In the Introduction to this paper, we discussed how this track and the accompanying annotations were designed with the following questions in mind: “How do diabetic patients progress towards heart disease, specifically CAD? And how do diabetic patients with CAD differ from other diabetic patients who do not develop CAD?” So we now ask: Based on the results of the RF track, can those questions be answered by automated systems?

Admittedly, this track did not link the individual records of a patient, so it does not directly address the question of progression. However, the longitudinal nature of the data provides snapshots of the patients throughout their treatments, and the annotations give information on what risk factors and indicators are present before, during, and after each document. So the tools for building timelines are present in the gold standard. But, can the systems recreate the gold standard?
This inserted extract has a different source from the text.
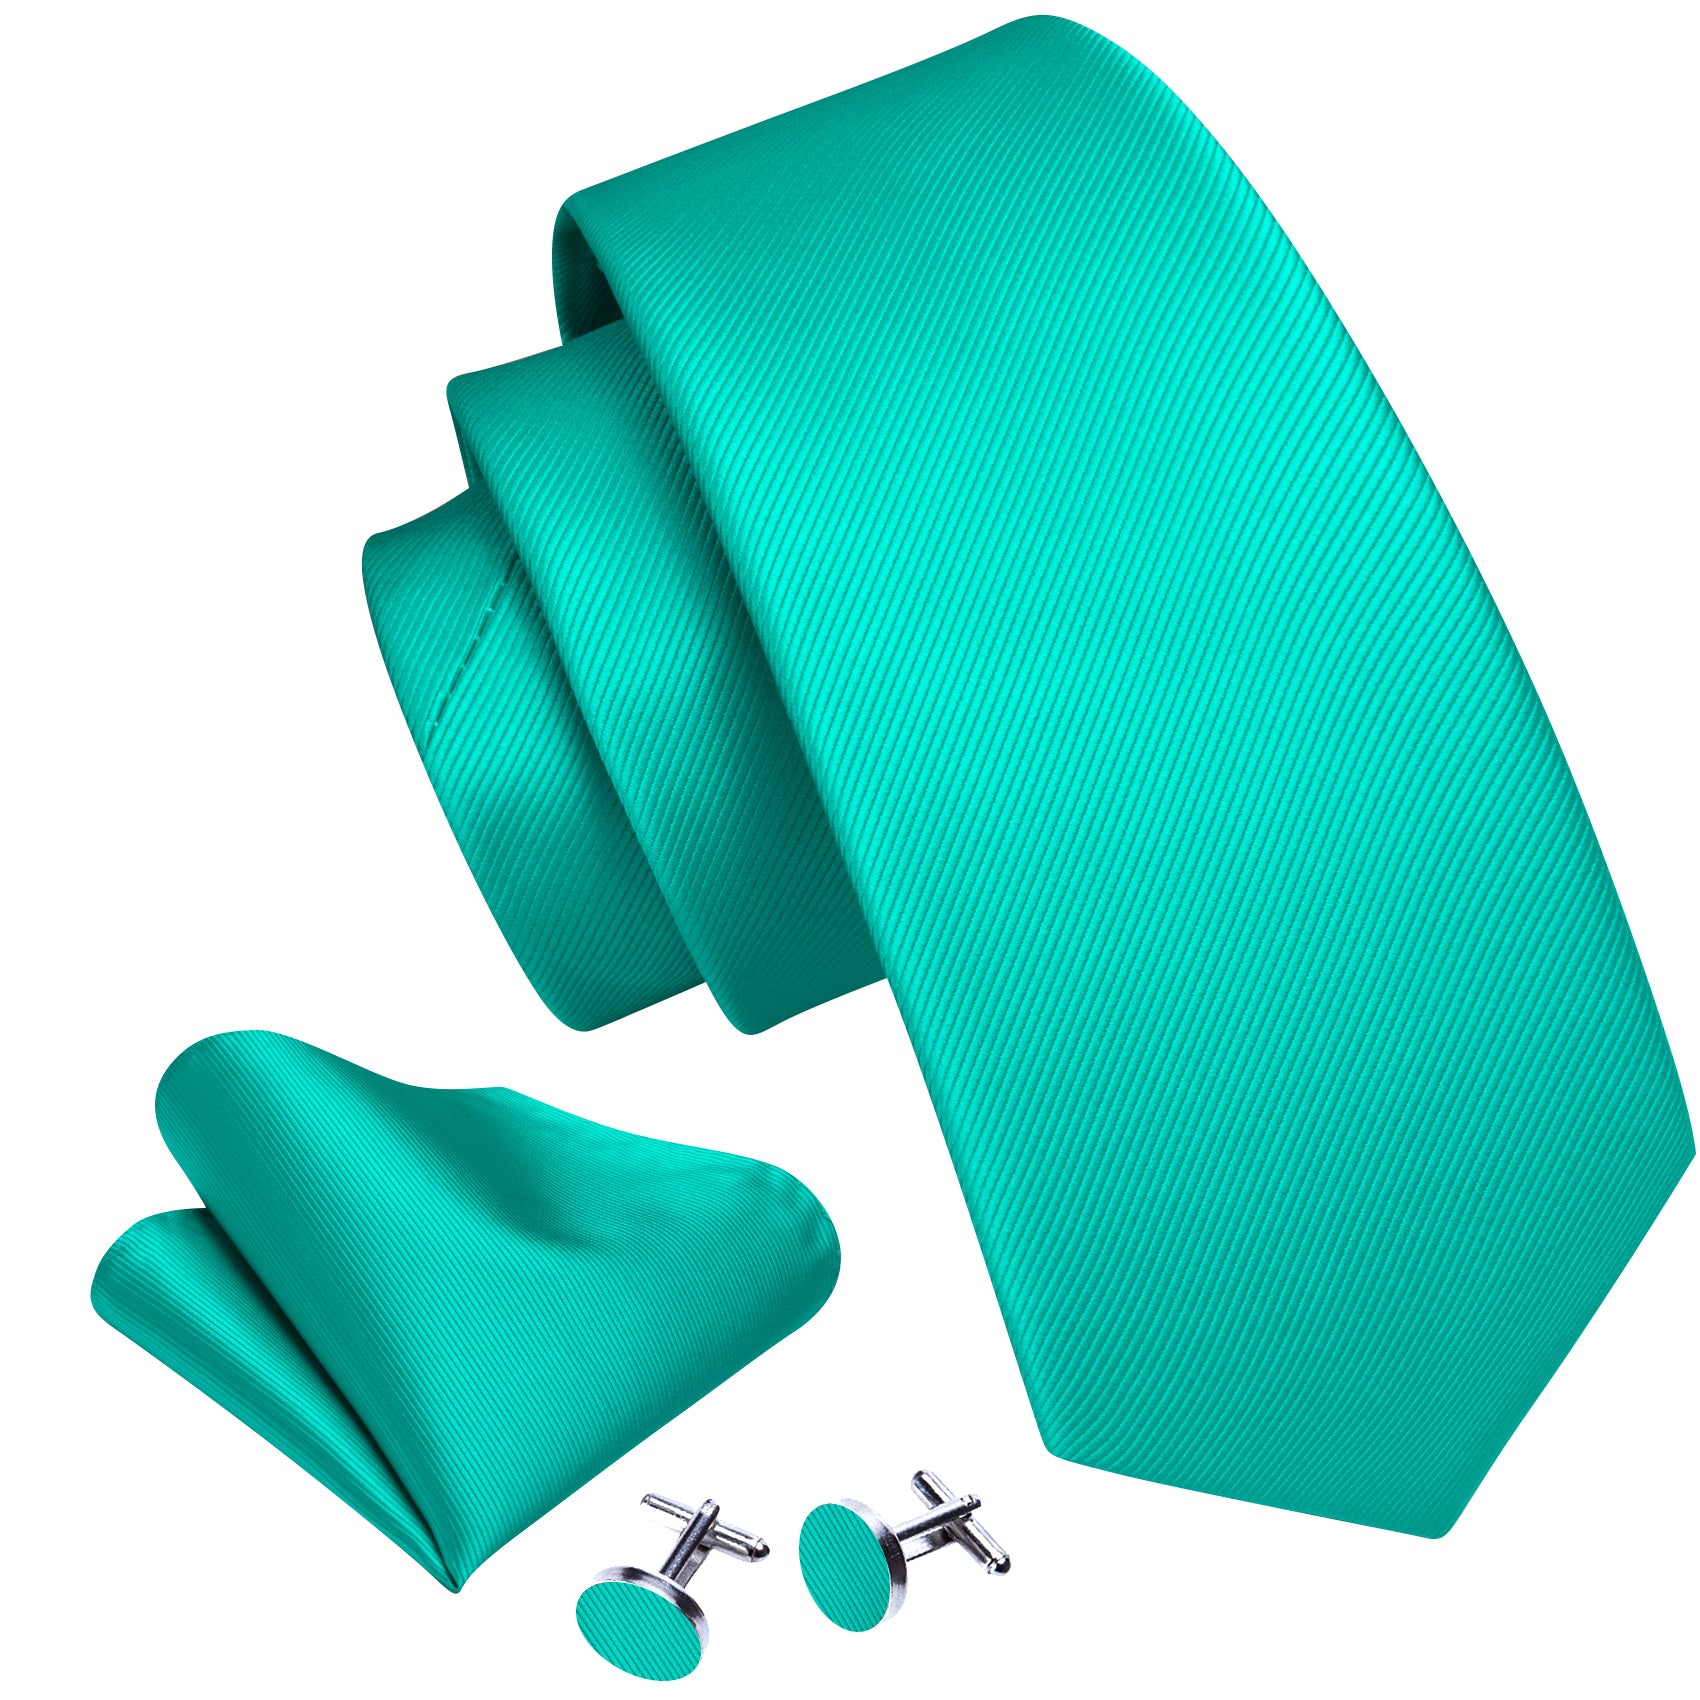 Aqua Solid Silk Tie Pocket Square Cufflinks Set
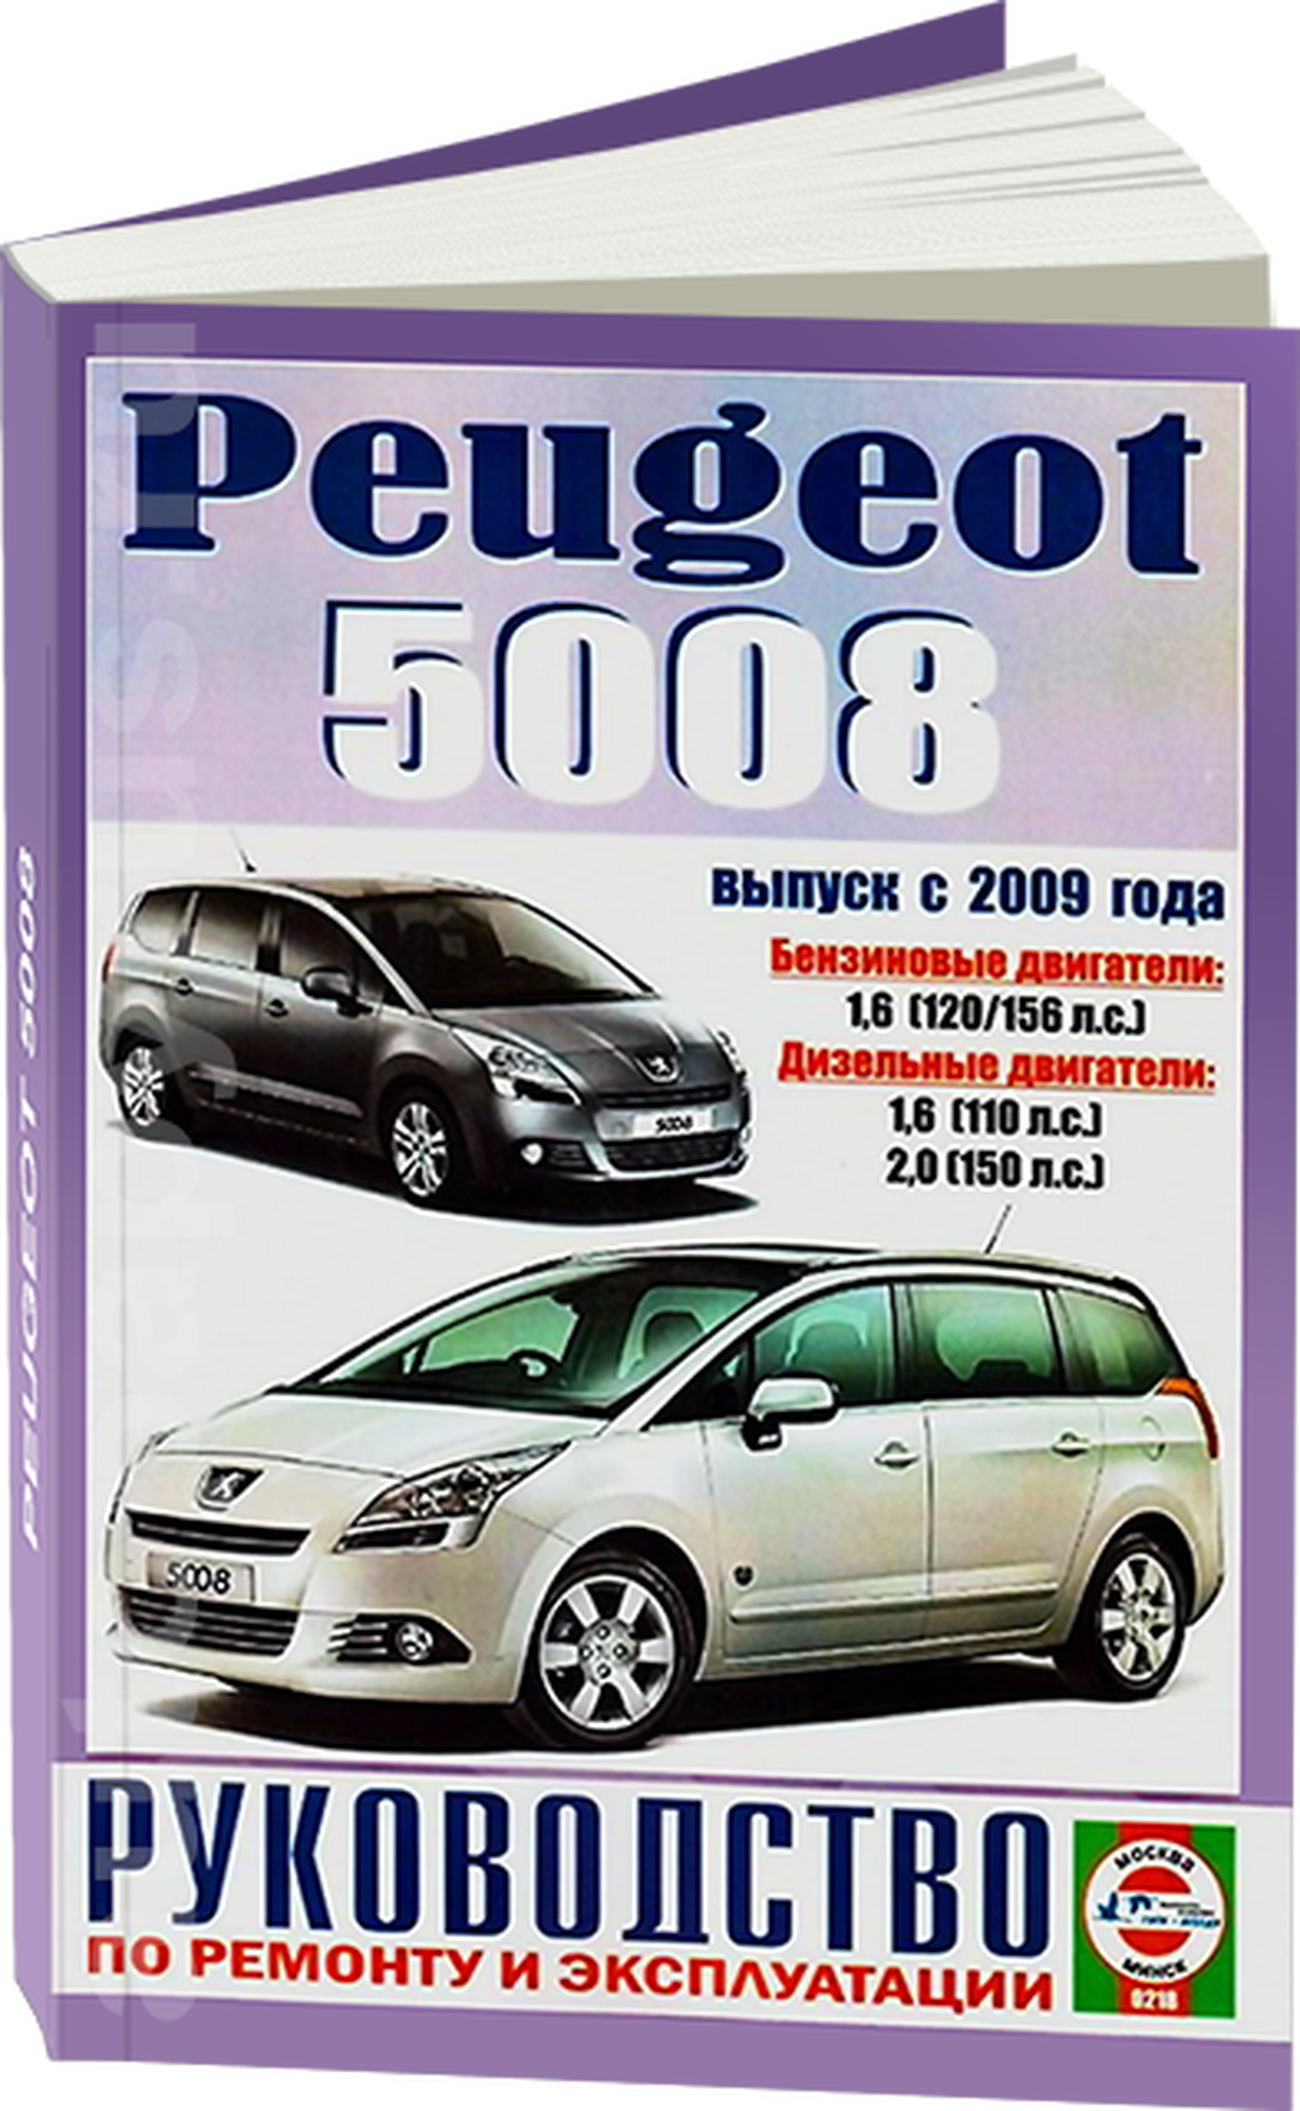 Книга: PEUGEOT 5008 (б , д) с 2009 г.в., рем., экспл., то | Чижовка

Based on the overall results, it seems that they can: 6 of the top 10 achieved micro-averaged F1 measures of over 0.9, and all of the top 10 systems scored over 0.85 in precision, recall, and F1. While certain indicators were harder to correctly identify than others, overall the results from the RF track are positive and show that automated systems can, with appropriate training data, recognize patients who are at risk for CAD.

Some aspects of the RF track proved harder than others. Number-based indicators (i.e., A1c, glucose, cholesterol, LDL, blood pressure, and BMI measurements) all have significantly lower F1s than mentions. In part, this is likely due to simple sparsity of training data: compared to the mentions, the number-based indicators show up infrequently (Stubbs and Uzuner (a), this issue). However, a contributing factor is likely that many of these measurements appeared in tables of lab values, making it extremely difficult to construct feature sets or rules that could accurately determine which values were associated with which test and which date. This problem was compounded by the fact that often, structural integrity of the tables had been lost, making parsing even more difficult. For example, a file containing a table with tabs separating the columns may have had the tabs turned into s paces through a conversion error, making the table nearly unreadable.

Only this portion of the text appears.